Shattuck recognizes the high price tag as an accessibility issue—a two hour session with a surrogate can cost about $300. He says although it's an important issue, he doesn't see sex workers legally taking mental health clients any time soon in the US.
In Canada, Bill C-36 allows Shakti to sell her services but it's still illegal to buy sex or use explicit language in advertising. She says she would love to see it covered by health insurance so more people can see the benefits of sex work.
Some countries have already taken the step toward covering sex work for those with disabilities. People in the Netherlands, where sex work is completely legal, can use their disability benefits however they like, including purchasing sex. A 21-year-old British man with learning disabilities flew to Amsterdam just to use these services, highlighting the importance of the issue within the disability community.
Symington wants to see EASE's training rolled out across the country—not just for surrogates, but for advocates and therapists as well. Down the road, he'd also like to see an allowance in government funded health plans.
"In my extended health plan through CSIL (Choices in Supports for Independent living), I'm allowed 500 dollars a year for massage. If you could use some of those funds for services like this, we would love to see some kind of subsidy available," he said. "And a change in public attitudes."

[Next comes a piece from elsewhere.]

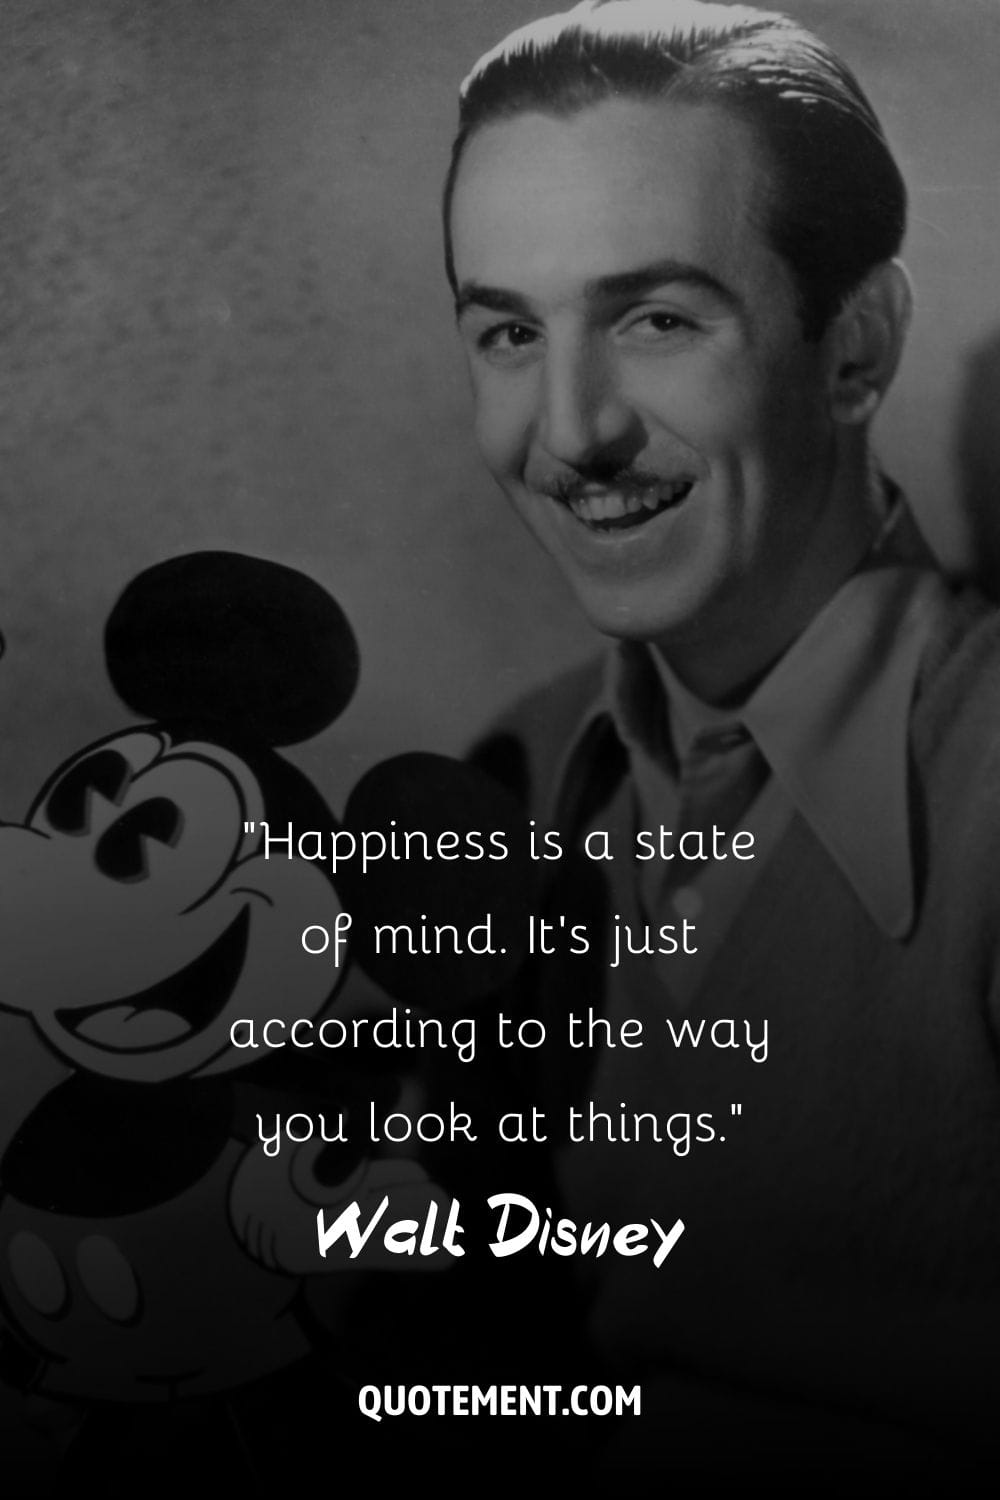 Walt Disney and Mickey Mouse representing the best quote by Walt Disney.

He realizes that views on sex work—even within the disability community—are still stigmatised.
"People have a concept—an idea that they were raised with—around sex work," Symington said. "But usually after some discussion about working with someone who is trained and oriented about disability, that they provide more of a therapeutic service, that they have some skills and alternative knowledge—then they tend to loosen their ideas of what that might be. And be more open to having those experiences."